Она повернулась ко мне спиной и ускорила шаг. Меня вроде как наказали, хотя я не сделал ничего плохого. Хорошо было бы, если б я сразу обратил внимание на незначительный эпизод, но происшествие скоро забылось, а Лёля через некоторое время как ни в чём не бывало снова зашагала рядом.
Помню ярко-розовый шиповник на побережье и чиркающих по небу грифельных чаек. Поодаль, ближе к дороге, весёлая компания жарила мясо на мангале. Другая компания, без шашлыков, но с пивом, сидела на песке возле воды, а из их приёмника раздавалась популярная песенка «Прощай навеки, последняя любовь».
Мы побрели обратно, в сторону станции.
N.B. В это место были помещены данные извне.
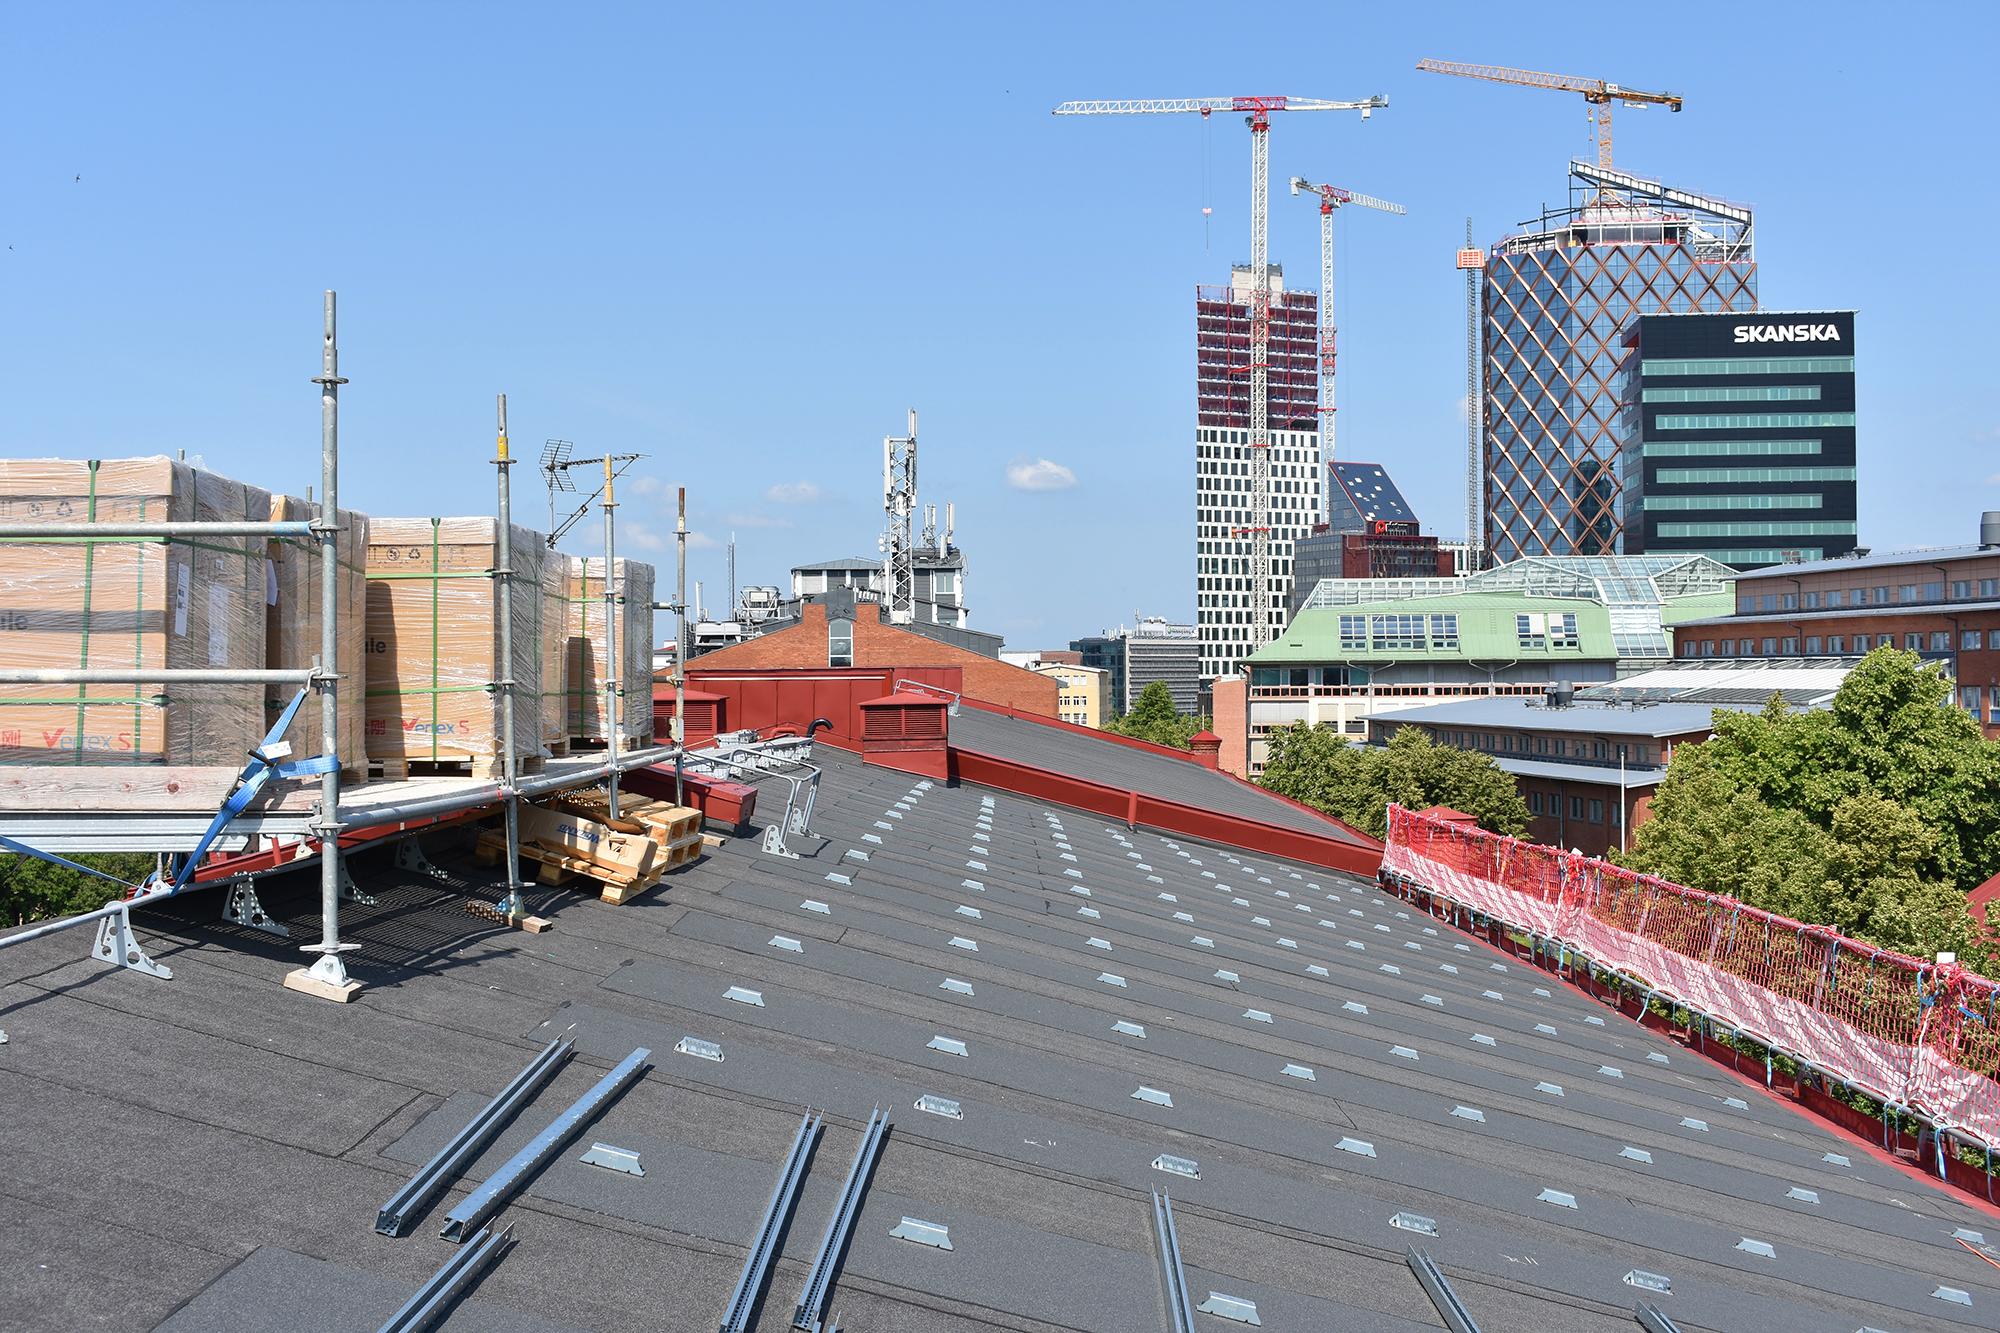 Utsikt från tak på Åvägen 17 mot andra nybyggnationer i Gårda.

Потом болтались по Лесной стороне и почти дошли до Щучьего озера.
На обратном пути вместо сумерек на лес спустился лёгкий зеленоватый туман. Мы почти ничего не ели, только взяли в магазине чипсы и три «Балтики»: для меня — № 9, для Лёли — № 3 и ещё одну № 7, экспортную. Разговаривали мало, просто дышали духом сосен и сырости, и я понимал, что разговоры для нас ничего не значили.
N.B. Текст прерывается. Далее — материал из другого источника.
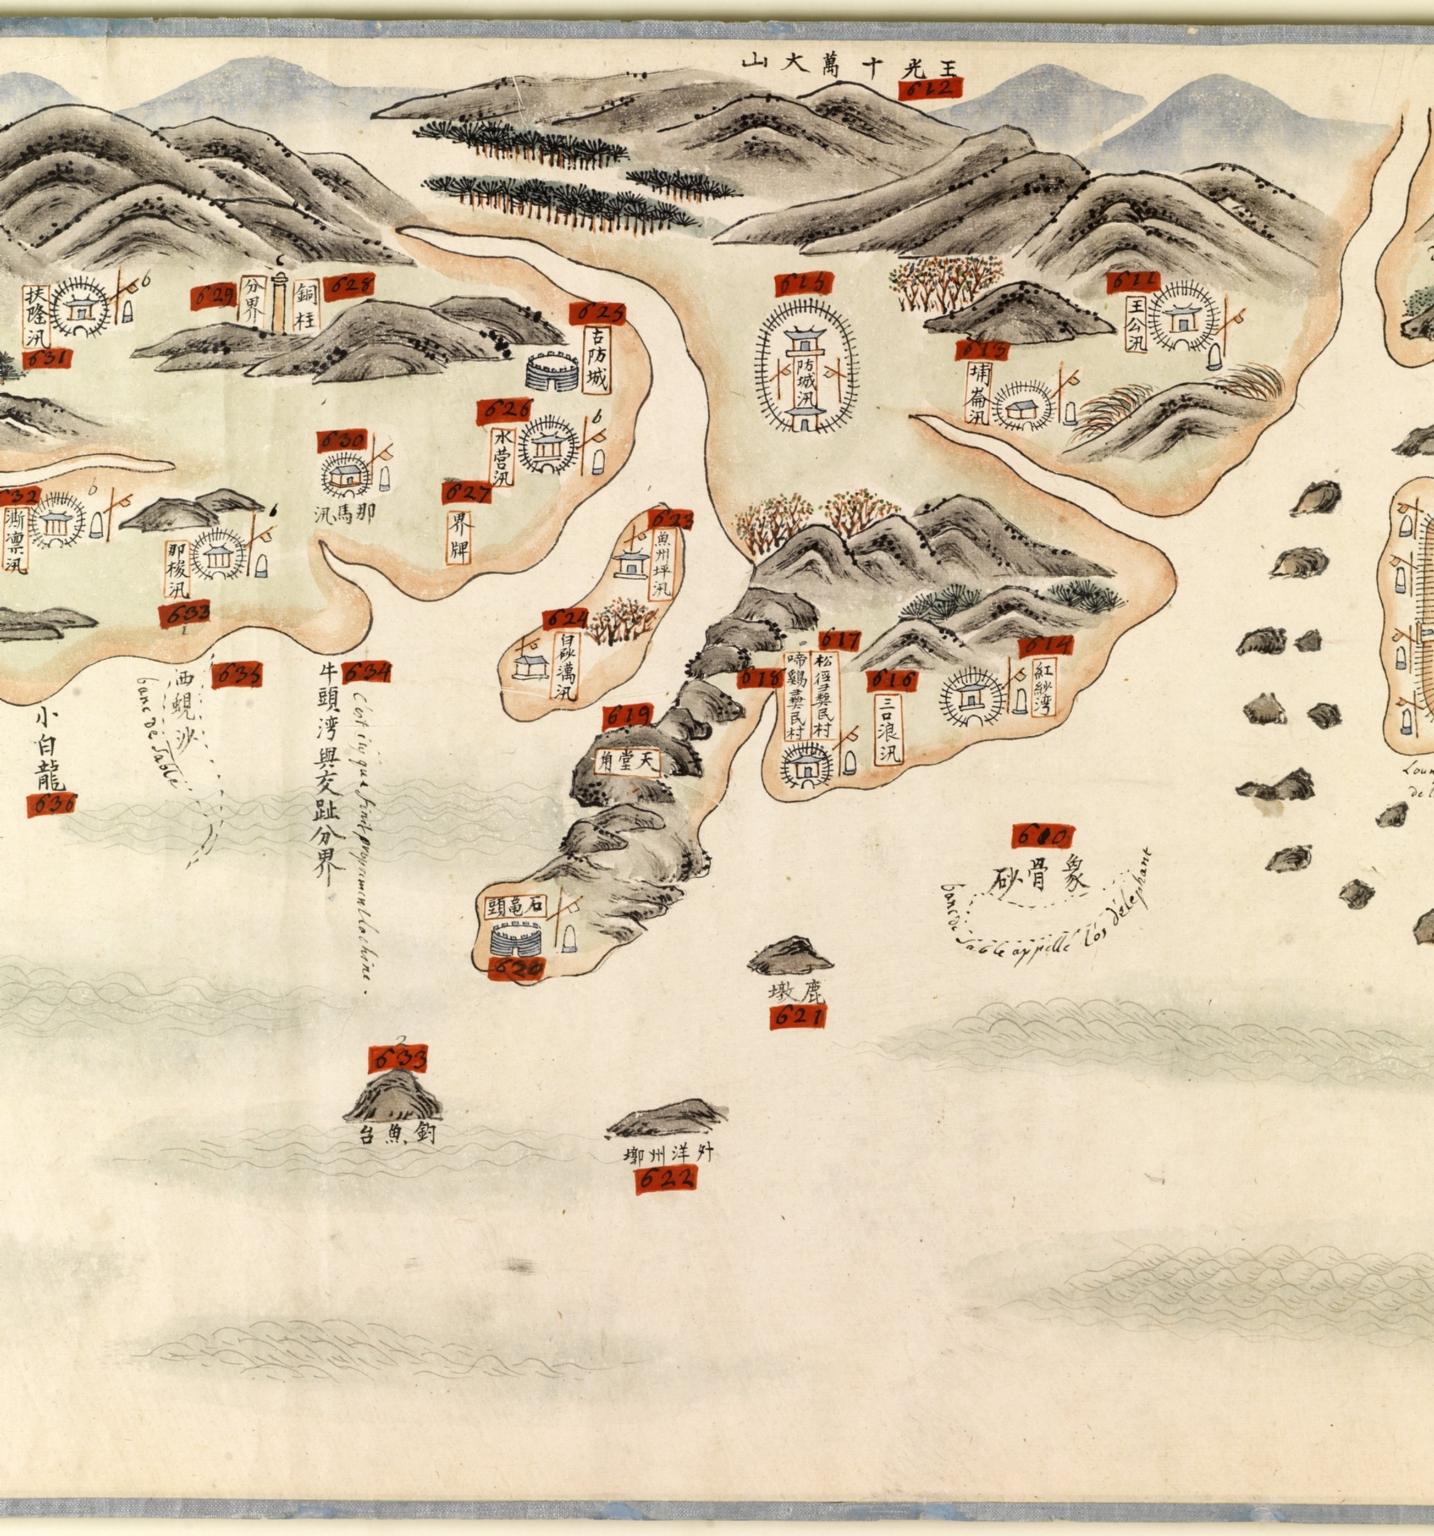 南中國海岸圖 = Carte des côtes sud de la Chine. Part 17

На обратном пути Лёля потащила меня в один пустующий старый дом, и мы были похожи на Шерлока Холмса и доктора Ватсона, которые забрались в усадьбу Милвертона.
Нас никто не видел. Соседские дачи стояли так, что нужный нам двор полностью ниоткуда не просматривался. Со скрипом поддалось окно в светлой раме, раскрылась створка стеклянного фонаря, и мы нырнули внутрь. Пахнуло плесенью, на полу валялись кучи книг и обломки мебели, но не было ни следа бомжатника — это оказался настоящий заброшенный, ещё никем не присвоенный дом.